Я поклонился отцовым сослуживцам.

– Хорошо, – кивнул отец.

Тон и весь вид его говорили об обратном: ничего хорошего в происходящем глава семейства не видел.

– О-Сузу, приготовь гостям чай.

Не успела служанка броситься выполнять распоряжение хозяина, как в ворота требовательно постучали.

– Кто там?

– Сэки Осаму, старший дознаватель службы Карпа-и-Дракона.

В низком рокочущем басе звучала неотвратимость закона. Я отметил, что редко когда имя и голос человека настолько соответствуют друг другу.[5] Сэки – застава, барьер; Осаму – твёрдость закона. А ещё – занимаемой им должности.

Отец распахнул ворота:

– Добро пожаловать, досточтимый Сэки-сан.

– Я рад, что вы дома, Хидео-сан. Так за вами не придется посылать.

– Мы вас ждали.

Дознаватель, дородный мужчина лет пятидесяти, был облачён в темно-синее кимоно из шёлка, украшенное тонким золотым узором. На груди слева, над сердцем, красовался герб службы: стилизованное изображение карпа и дракона, перетекающих друг в друга, подобно буддийскому символу Инь и Ян. На голове – высокая чёрная шапка государственного чиновника. Рукояти плетей за поясом обтянуты шершавой кожей ската в оплётке из шёлковых шнуров – тоже золото и густая грозовая синева. Рано поседевшие брови срослись на переносице, из-за чего лицо дознавателя – резкие складки у рта, щеки обвисли – имело брюзгливый вид. Взгляд из-под полуприкрытых век был внимательный, цепкий. Похоже, Сэки Осаму подмечал любую мелочь и откладывал про запас – до тех пор, пока эта мелочь не понадобится.

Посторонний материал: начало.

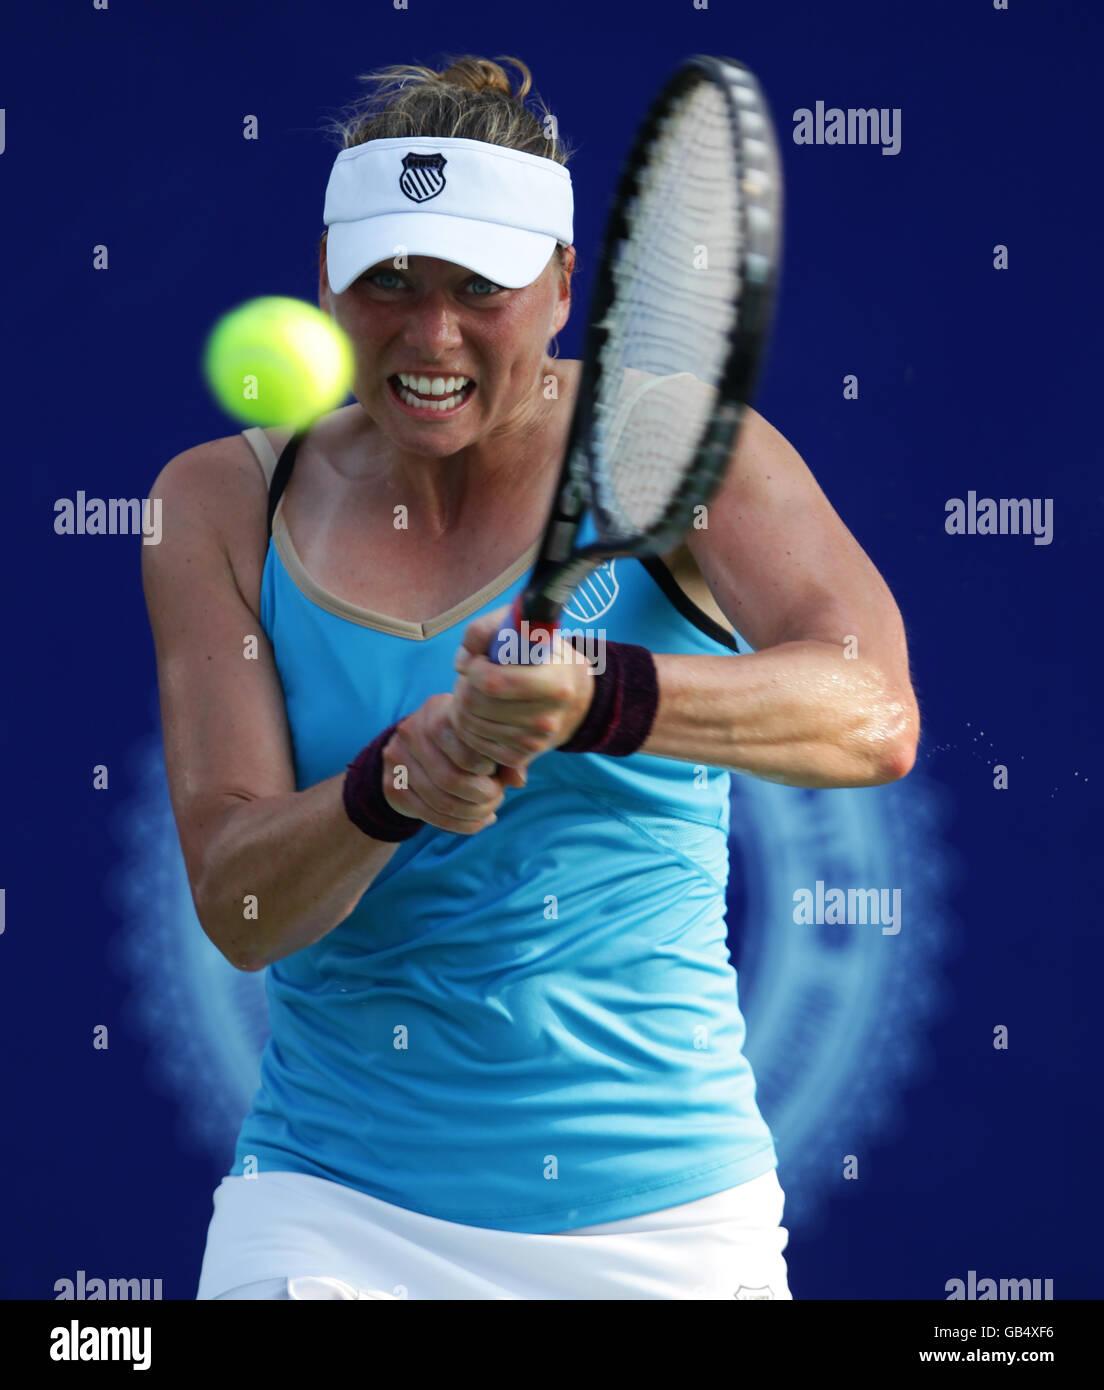 La tenista rusa Vera Zvonareva, PTT Pattaya Open 2011, Torneo de Tenis de la WTA, Series Internacionales, Dusit resort Pattaya. Foto de stock

– Торюмон Хидео, – представился отец, хотя в этом не было надобности. – Мой сын Рэйден. Мои сослуживцы Икэда Наоки и Нисимура Керо. Я привел их в качестве свидетелей, желая избавить вас от лишних хлопот.

Мы по очереди поклонились чиновнику. Когда я вновь поднял взгляд на дознавателя, в ворота за его спиной вошли двое. Одним был настоятель Иссэн, другим же…

Длинная грубая накидка с капюшоном. Пояс – прочная верёвка. Из-под капюшона вместо человеческого лица на меня уставилась рыбья голова. Покрытая капельками росы, голова отблёскивала тусклой медной чешуёй, пучила белые эмалированные глаза с черными дырами зрачков, приоткрывала губастый рот.

Под служебной маской карпа скрывался каонай .

Безликий.

Живое напоминание о воздаянии за попытку обойти закон кармы, дарованный нам милосердным буддой Амидой. Парии, отщепенцы, отверженные – даже к нечистым эта [6] Эта – неприкасаемые, чья жизнь и работа связаны с грязью и смертью: мясники, кожевенники, мусорщики, уборщики нечистот, собиратели трупов. и лишённым сословия хинин [7] Хинин – неприкасаемые, лишённые сословия. В хинин человека могли перевести временно, в наказание за преступление, вернув сословное достоинство по истечении срока. Но имелись и постоянные (урождённые) хинин. относились лучше, чем к мерзким каонай . Бывшие люди, лишённые не только сословия и чести, но также лица и имени. Единственные, кого можно убить безнаказанно – так веками убивали друг друга наши предки до сошествия Чистой Земли на острова Восходящего Солнца. Убить – и остаться самим собой, а не стать вместилищем для духа убитого, предоставив ему возможность жить вместо тебя.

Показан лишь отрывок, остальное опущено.